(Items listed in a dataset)
- - - - -

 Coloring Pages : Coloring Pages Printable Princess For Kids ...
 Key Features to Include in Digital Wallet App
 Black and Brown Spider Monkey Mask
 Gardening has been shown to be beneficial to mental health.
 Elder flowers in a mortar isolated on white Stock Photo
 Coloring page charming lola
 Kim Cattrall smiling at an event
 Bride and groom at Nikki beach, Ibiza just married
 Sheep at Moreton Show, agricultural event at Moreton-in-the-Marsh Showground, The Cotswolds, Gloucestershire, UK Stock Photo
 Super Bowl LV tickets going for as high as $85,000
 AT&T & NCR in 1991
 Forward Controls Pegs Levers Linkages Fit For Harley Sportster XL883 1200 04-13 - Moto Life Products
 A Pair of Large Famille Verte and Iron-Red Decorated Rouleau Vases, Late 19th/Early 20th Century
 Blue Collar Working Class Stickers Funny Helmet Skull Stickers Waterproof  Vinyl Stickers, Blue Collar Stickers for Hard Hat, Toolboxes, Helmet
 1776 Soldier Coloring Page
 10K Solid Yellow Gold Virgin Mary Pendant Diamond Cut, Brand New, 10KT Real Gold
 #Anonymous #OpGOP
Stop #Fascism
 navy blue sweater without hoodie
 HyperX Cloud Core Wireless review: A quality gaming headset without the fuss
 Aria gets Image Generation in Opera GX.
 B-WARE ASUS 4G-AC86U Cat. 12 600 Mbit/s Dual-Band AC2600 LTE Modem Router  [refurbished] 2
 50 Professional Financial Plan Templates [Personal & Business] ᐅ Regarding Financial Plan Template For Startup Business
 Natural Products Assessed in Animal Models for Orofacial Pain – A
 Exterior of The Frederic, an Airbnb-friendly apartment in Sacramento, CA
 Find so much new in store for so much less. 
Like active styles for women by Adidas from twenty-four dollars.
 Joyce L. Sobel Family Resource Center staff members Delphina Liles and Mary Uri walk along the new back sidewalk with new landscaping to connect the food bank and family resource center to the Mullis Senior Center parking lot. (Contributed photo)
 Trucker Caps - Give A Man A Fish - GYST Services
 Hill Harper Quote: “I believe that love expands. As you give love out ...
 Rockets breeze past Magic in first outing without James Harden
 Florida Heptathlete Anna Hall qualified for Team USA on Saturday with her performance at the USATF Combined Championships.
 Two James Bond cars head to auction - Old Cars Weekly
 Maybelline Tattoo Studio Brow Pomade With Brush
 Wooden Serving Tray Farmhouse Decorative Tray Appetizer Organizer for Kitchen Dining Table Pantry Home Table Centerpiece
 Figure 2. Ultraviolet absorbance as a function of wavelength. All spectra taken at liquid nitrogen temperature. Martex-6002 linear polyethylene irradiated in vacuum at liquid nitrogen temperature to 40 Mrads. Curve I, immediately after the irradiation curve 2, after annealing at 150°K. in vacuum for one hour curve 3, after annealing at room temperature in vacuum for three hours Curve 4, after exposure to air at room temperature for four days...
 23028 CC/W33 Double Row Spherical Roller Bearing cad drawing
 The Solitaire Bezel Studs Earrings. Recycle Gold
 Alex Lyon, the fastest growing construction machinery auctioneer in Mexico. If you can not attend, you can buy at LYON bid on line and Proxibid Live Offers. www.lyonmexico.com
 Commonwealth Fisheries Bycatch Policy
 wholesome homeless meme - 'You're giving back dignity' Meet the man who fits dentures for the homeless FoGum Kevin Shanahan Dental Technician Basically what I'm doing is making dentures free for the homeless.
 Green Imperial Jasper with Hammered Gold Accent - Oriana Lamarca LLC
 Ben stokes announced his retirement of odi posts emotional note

- - - - -

The line with "Maybelline Tattoo Studio" and every line after it up to the end of the entries: output those exactly, and only those.

Solution to the problem:
 Maybelline Tattoo Studio Brow Pomade With Brush
 Wooden Serving Tray Farmhouse Decorative Tray Appetizer Organizer for Kitchen Dining Table Pantry Home Table Centerpiece
 Figure 2. Ultraviolet absorbance as a function of wavelength. All spectra taken at liquid nitrogen temperature. Martex-6002 linear polyethylene irradiated in vacuum at liquid nitrogen temperature to 40 Mrads. Curve I, immediately after the irradiation curve 2, after annealing at 150°K. in vacuum for one hour curve 3, after annealing at room temperature in vacuum for three hours Curve 4, after exposure to air at room temperature for four days...
 23028 CC/W33 Double Row Spherical Roller Bearing cad drawing
 The Solitaire Bezel Studs Earrings. Recycle Gold
 Alex Lyon, the fastest growing construction machinery auctioneer in Mexico. If you can not attend, you can buy at LYON bid on line and Proxibid Live Offers. www.lyonmexico.com
 Commonwealth Fisheries Bycatch Policy
 wholesome homeless meme - 'You're giving back dignity' Meet the man who fits dentures for the homeless FoGum Kevin Shanahan Dental Technician Basically what I'm doing is making dentures free for the homeless.
 Green Imperial Jasper with Hammered Gold Accent - Oriana Lamarca LLC
 Ben stokes announced his retirement of odi posts emotional note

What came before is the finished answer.